– Нет, он мне этого не говорил. Решил умолчать, видимо. Ах, Юджин, Юджин… любитель преуменьшать проблемы. Так, и вы думаете, что именно это его сгубило?

– К сожалению, сэр, я не то что думаю, а уверена на сто процентов. Я полагаю, вы читали вчерашний отчёт? В котором говорилось о странном поведении крыс в терминальной стадии болезни. И в первую очередь – о том, что после клинической смерти происходит перезапуск организма и крысы оживают. При этом мозг у них практически отключен – выполняет лишь самые базовые функции, будто в режиме энергосбережения.

– Да, это я читал ещё вчера утром. Что-то ещё обнаружилось?

– К сожалению, да. Обнаружилось. Подопытные перестают чувствовать боль и физические повреждения, но у них просыпается немотивированная агрессия и желание убивать незаражённых, выявлены случаи каннибализма…

– И каким образом это относится к Левинсону? – перебил Джон. – Давайте по существу. Вы говорите, что Юджина сгубил ваш штамм после укуса заражённой крысы. Он умер во Франкфурте, что мне кажется странным – потому как если его укусили вчера, то почему он умер сегодня, меньше чем через сутки. Вы не думаете, что это мог быть простой инфаркт, а заражение – это не причина, а всего лишь сопутствующий фактор?

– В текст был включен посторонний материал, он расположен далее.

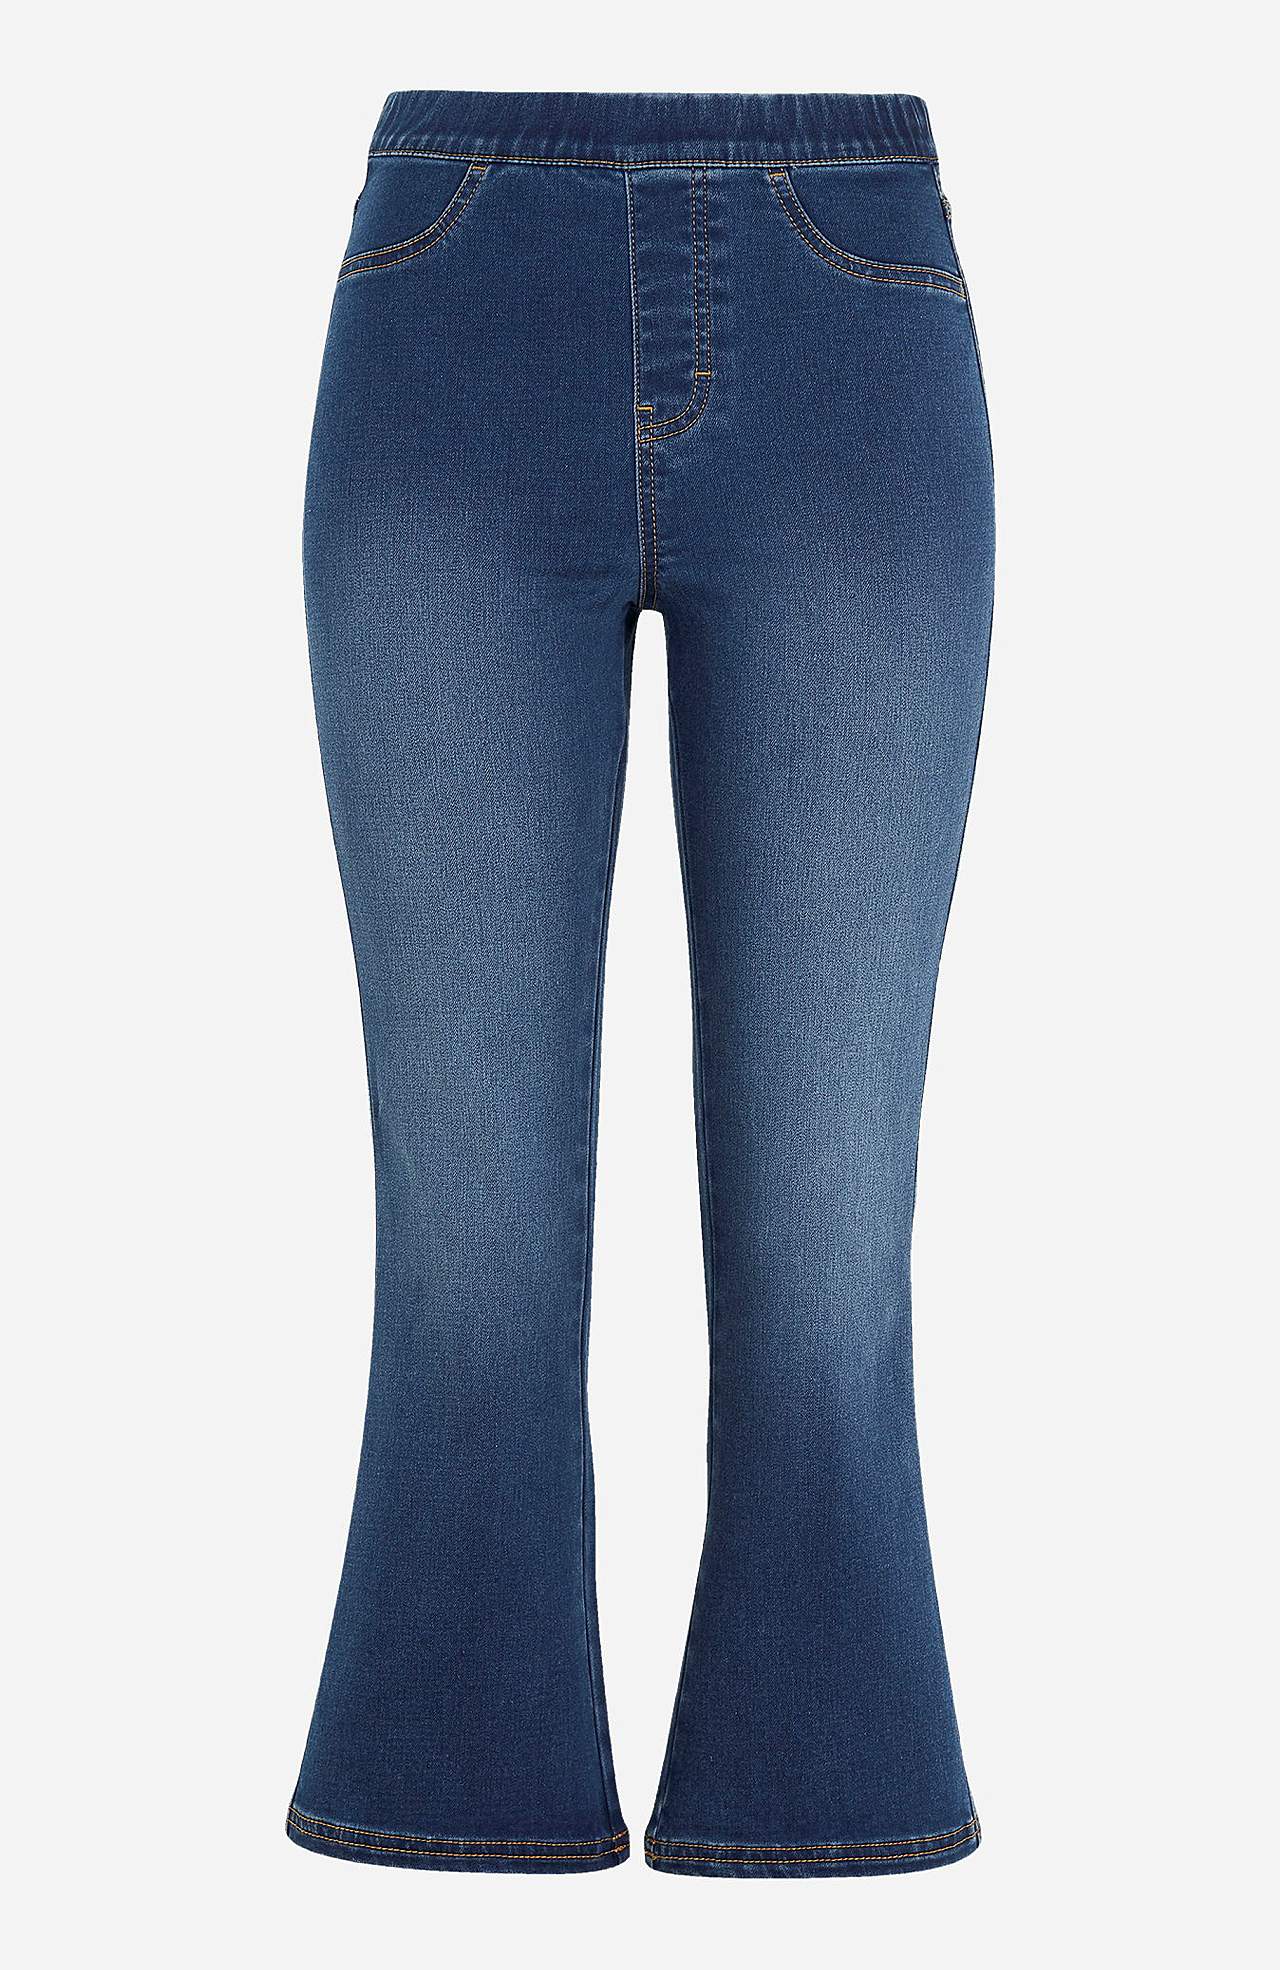 Kickflare jeans Olga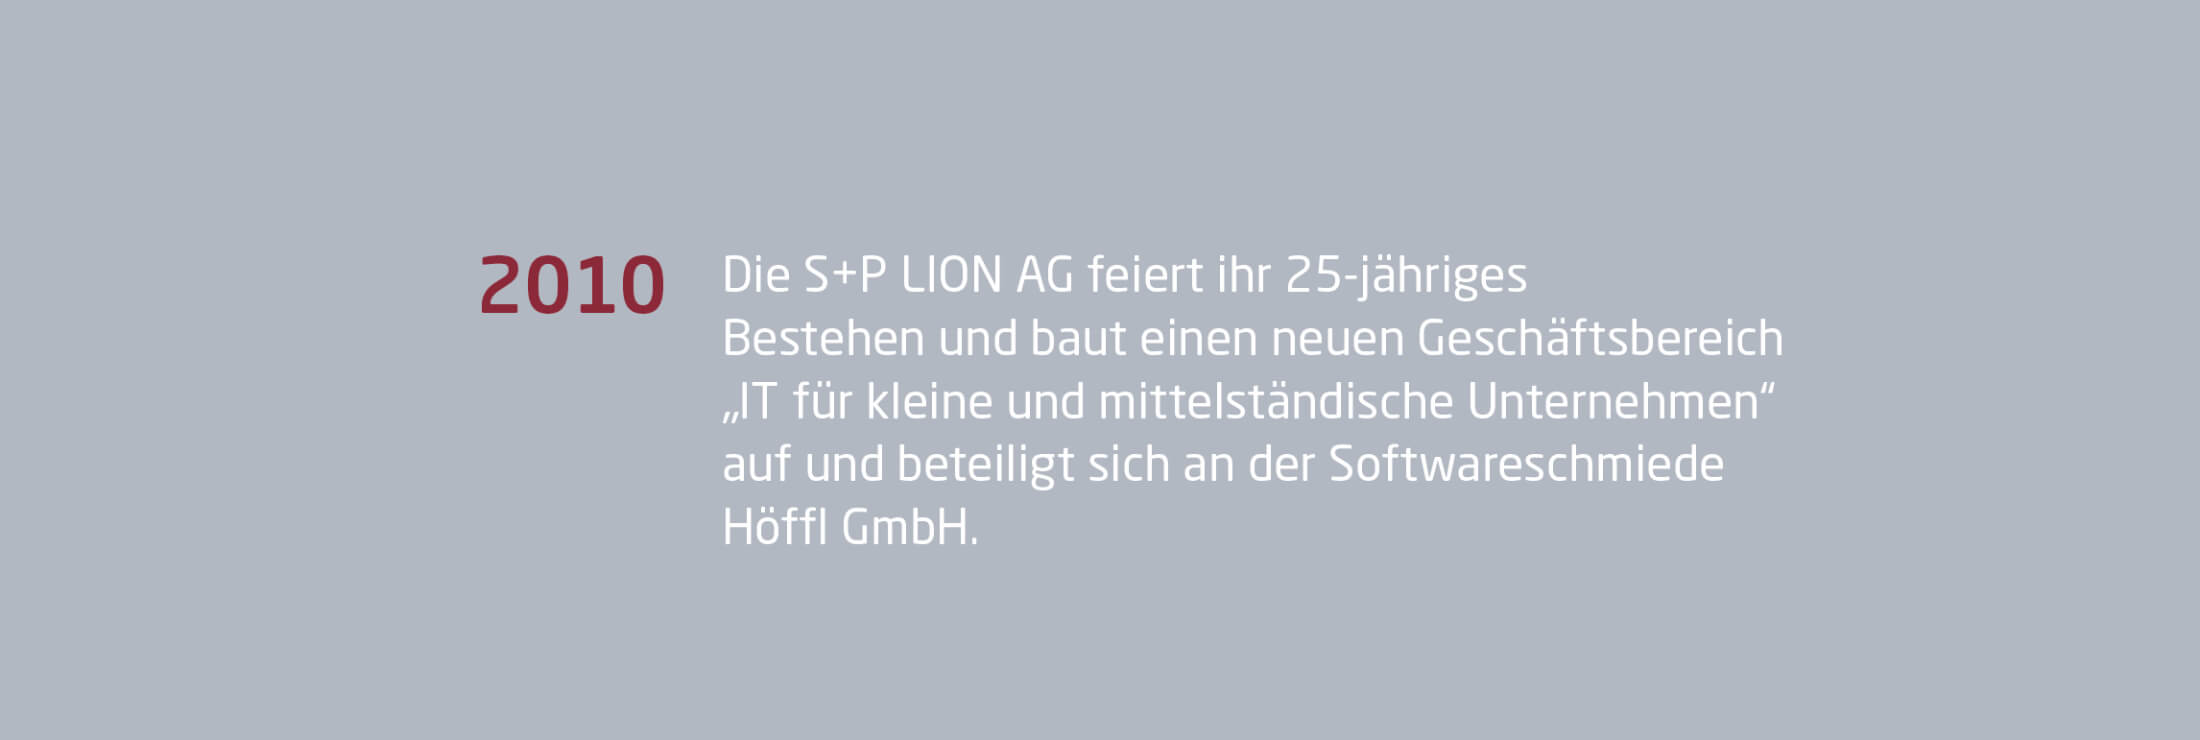 Jahr 2010: Historie S+P LION AG

– Нет, дело не в этом. Могло быть что угодно, конечно. Но я расспросила сотрудника морга, что он слышал, и он сказал мне, что Юджин, когда его привезли, абсолютно не контролировал себя, бросался на людей, покусал несколько человек – и в самолете, и в аэропорту, и фельдшеров неотложной помощи.

– То есть вы хотите сказать, что он вёл себя ровно так, как вели себя ваши лабораторные крысы в тяжелой стадии болезни?

– Вы совершенно верно поняли. И самое главное в этой истории то, что вирус крайне заразен. Крайне. И если, как говорил тот санитар, Левинсон несколько человек укусил – то можно быть уверенными в том, что эти люди тоже заражены. А потом они заразят своих родных и близких, и так далее по цепочке. К сожалению, господин Карпентер, мы стоим на пороге очень масштабной эпидемии. И в наших силах её хотя бы локализовать.

– Ясно. Очень, очень плохо. Просто ужасно. Я, конечно, через наших коллег сделаю запрос по пассажирам самолёта, которым летел Левинсон, а также по фельдшерам скорой, которые его везли, но насколько это решит проблему и не пропустим ли мы ничего – большой вопрос. Я подозреваю, что речь идёт о всемирном карантине, если в течение пары суток мы не выявим очаги и не устраним их. Тогда такой вопрос, Оливия: что по времени протекания болезни? Рассказывайте всё, только кратко и основное.

Оливия Тэйлор кратко изложила все детали исследования, попутно обрисовав симптомы и указав на то, что антибиотики и вакцины, работающие на вирусе бешенства, совершенно отказываются работать на мутировавшем штамме. И, в конечном счёте, это очень сильно осложнит борьбу с болезнью. Джон слушал очень внимательно, соображая, что делать дальше. Затем спросил:

– Скажите, Оливия, вы точно никому ничего не говорили? Даже тому санитару?

– Точно, сэр, – соврала она, зная, что через пару часов всё будет известно. Но ей нужно было выгадать время. Оливия понимала, что ЦРУ и правительство США будут заботиться только о самих США, им глубоко наплевать на судьбу Европы, однако, в конечном счёте, это нанесёт удар и по Северной Америке, ввиду неконтролируемой миграции людей на планете. Она понимала это как никто другой, лучше всех осознавая природу того продукта, над которым трудилась целая лаборатория в течение нескольких месяцев. И Оливия чётко решила, что передаст данные куда только сможет в максимально кратчайшие сроки. Равно как она понимала, что это положит конец её карьере. Но молчать было нельзя – слишком стремительным будет развитие эпидемии, если не принять должные меры прямо сейчас.